The story of the sad fate of the children of Israel is bound up with the religious concept of sin, but greater blame is placed on the daughters of Israel: “It is a striking fact that Israelitish women, the appointed priestesses of chastity and morality, displayed a special inclination for the immoral worship of Baal and Astarte.”22 But fortunately, the ancient children of Israel also had prophets, who struggled with all their might to guide the people to a high, sublime morality, a unique ethos known by no other people.
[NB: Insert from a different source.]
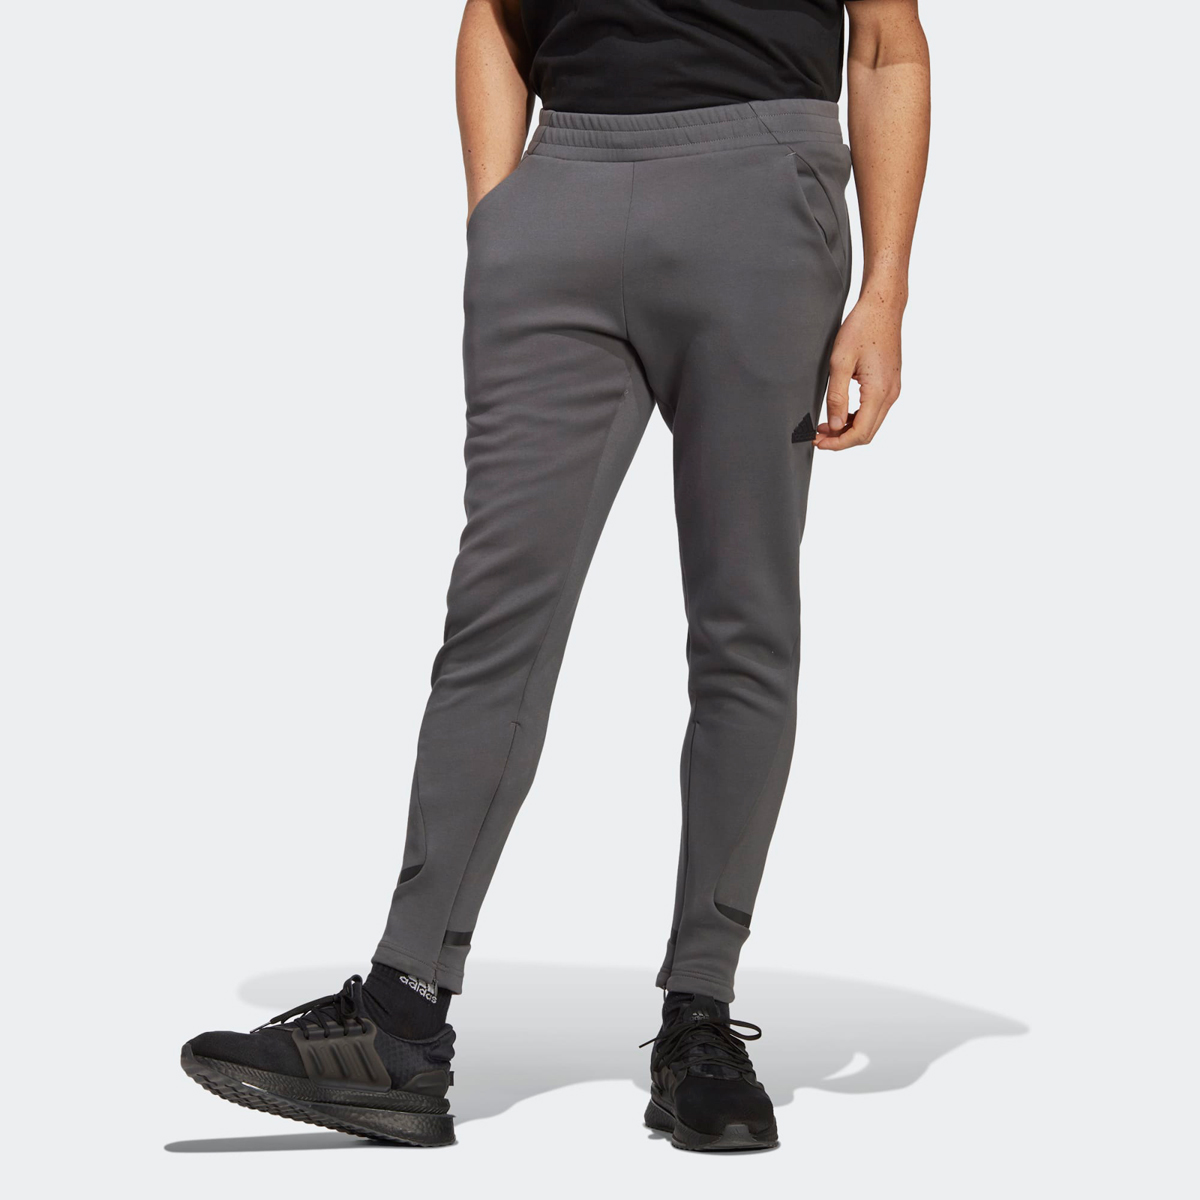 adidas-Designed-for-Gameday-Pants-Grey
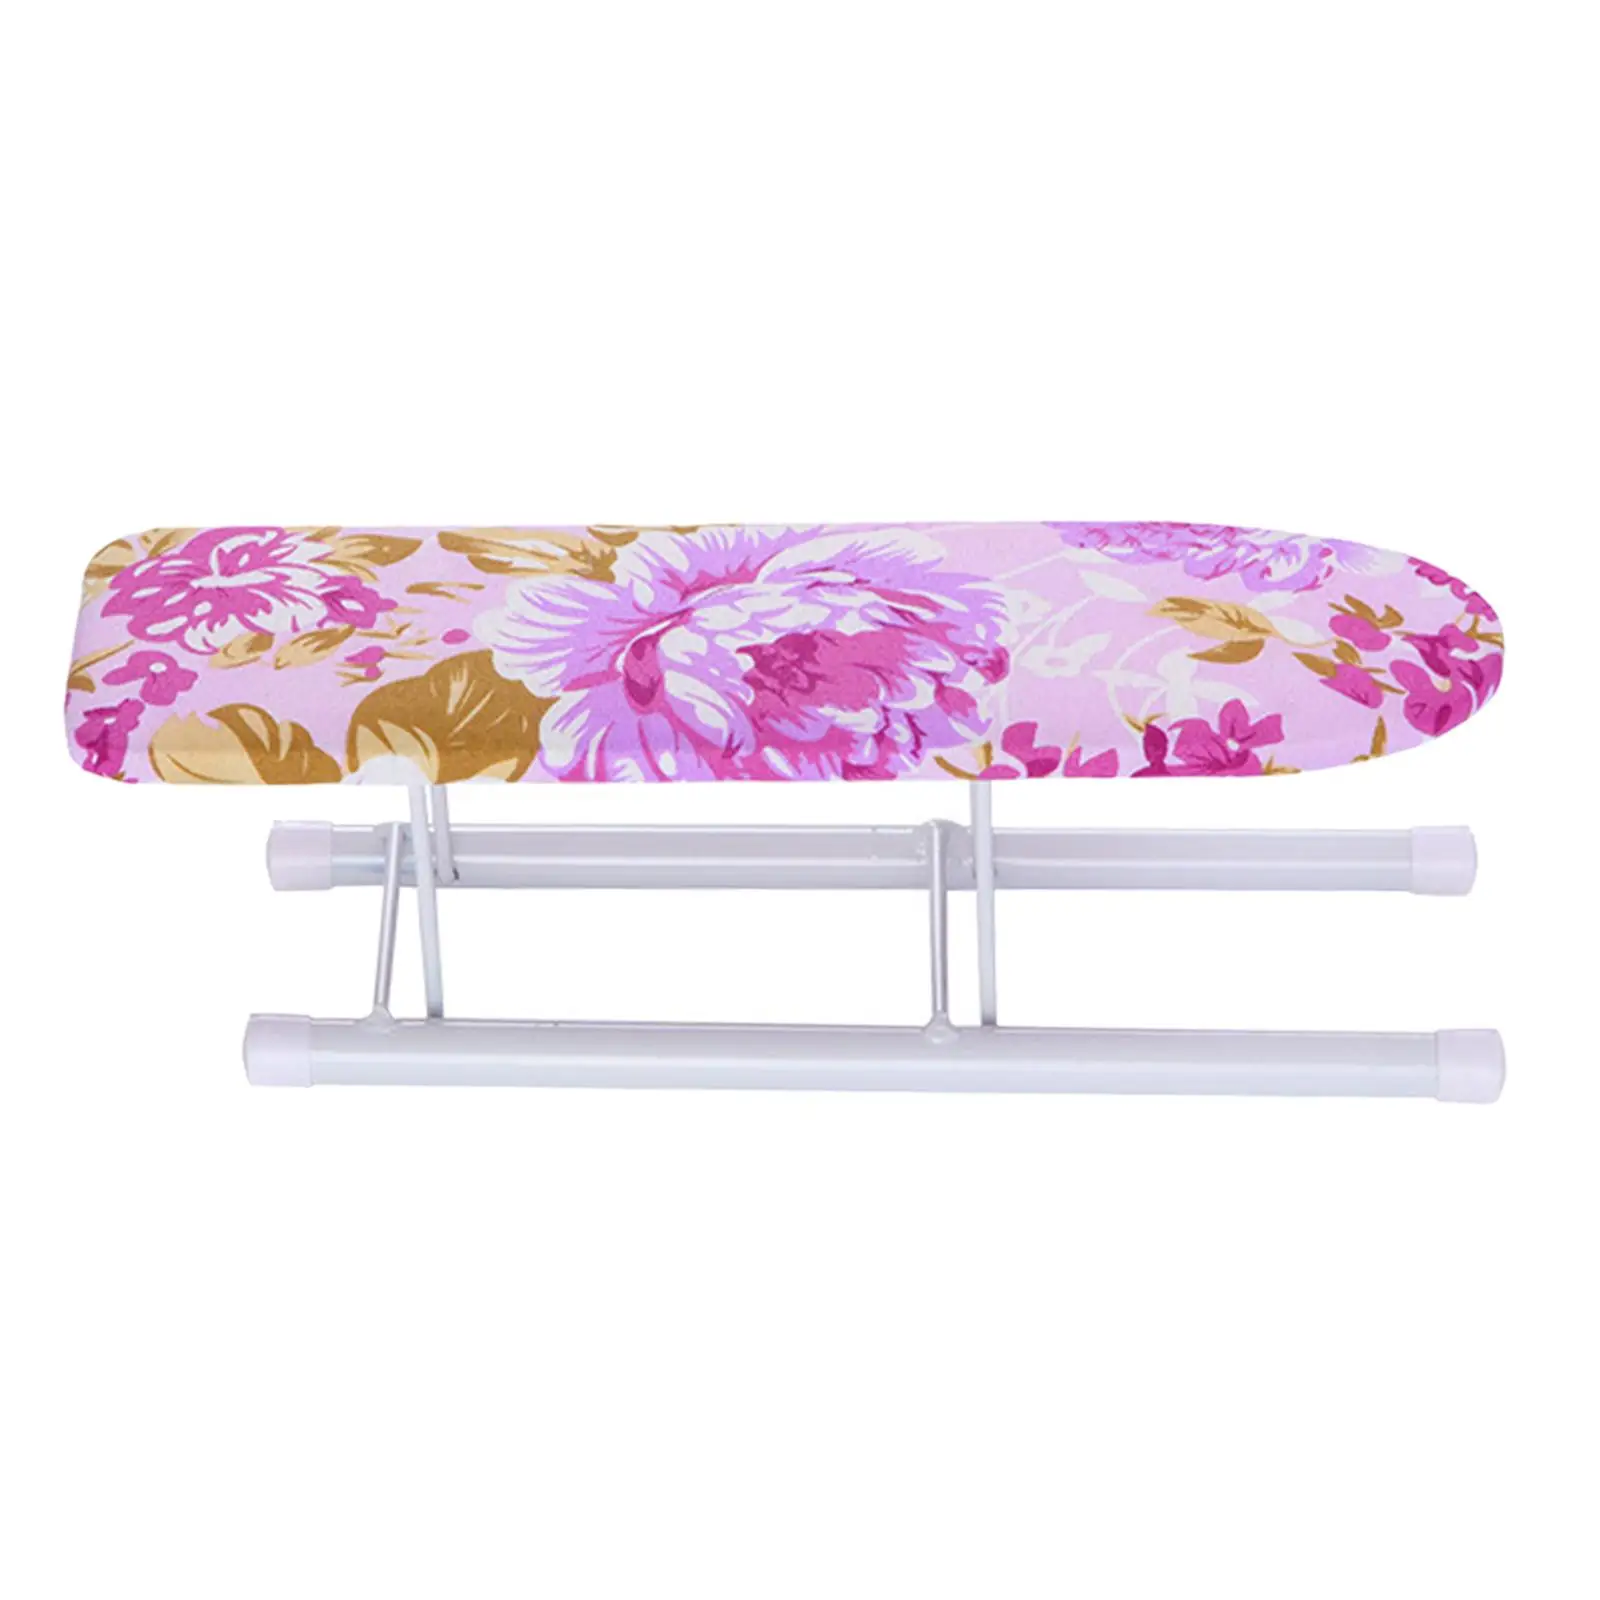 Mini Ironing Board Foldable Legs Non Slip Feet, Cuffs Collars Ironing Countertop Ironing Board for Apartment Travel Home

Graetz remains faithful to the central narratives and is always full of awe for the Old Testament; when he runs into contradictions in biblical ideology, he sometimes presents the different approaches without trying to reconcile them. For example, parallel with the isolationist policy of Ezra, leader of the returnees from Babylonian exile, Graetz describes the life of Ruth the Moabite, King David’s gentile great-grandmother. Skillfully, he reconstructs the moral and political contrasts between the two, and for a moment it seems as if he cannot decide between them. Graetz clearly understood the significance of annulling mixed marriages and expelling gentile women along with their children. He writes:
Ezra held this to be a terrible sin. For the Judean or Israelitish race was in his eyes a holy one, suffered desecration by mingling with foreign tribes, even though they had abjured idolatry … at moment was to decide the fate of the Judean people. Ezra, and those who thought as he did, raised a wall of separation between the Judeans and the rest of the world.23
Graetz does not hesitate to add that this move provoked hatred for the Jews for the first time. This may be the reason for the emphasis he places on the story of Ruth—aware that it was a universalist challenge to the concept of “holy seed,” held by the returnees from Babylonia. Ultimately, however, he throws his full support behind the invention of an exclusive Judaism and the rigid demarcation of its boundaries as laid down by its pioneers, Ezra and Nehemiah.
A romantic conception based on an ethnoreligious foundation had already guided Graetz in the earlier volumes, but not so forcefully. He was, after all, a historian of ideas, and his earlier volumes about the history of the Jews recounted their literary heritage and focused primarily on its moral and religious content. At the same time, the hardening of German nationalist definitions based on origin and race, especially in the formative years after the failure of the national-democratic Spring of the Nations in 1848, stirred new sensitivities among a small group of intellectuals of Jewish descent. Graetz, for all his doubts and hesitations, was one of them. The sharpest senses belonged to Moses Hess, a leftist and a man of intellectual boldness, a former friend of Karl Marx, whose book Rome and Jerusalem: The Last Nationalist Question had appeared in 1862.24 This was an unmistakable nationalist manifesto, perhaps the first of its kind in being quite secular. Since his position was fairly decisive in shaping Graetz’s Jewish history, we should consider briefly the relations between the two.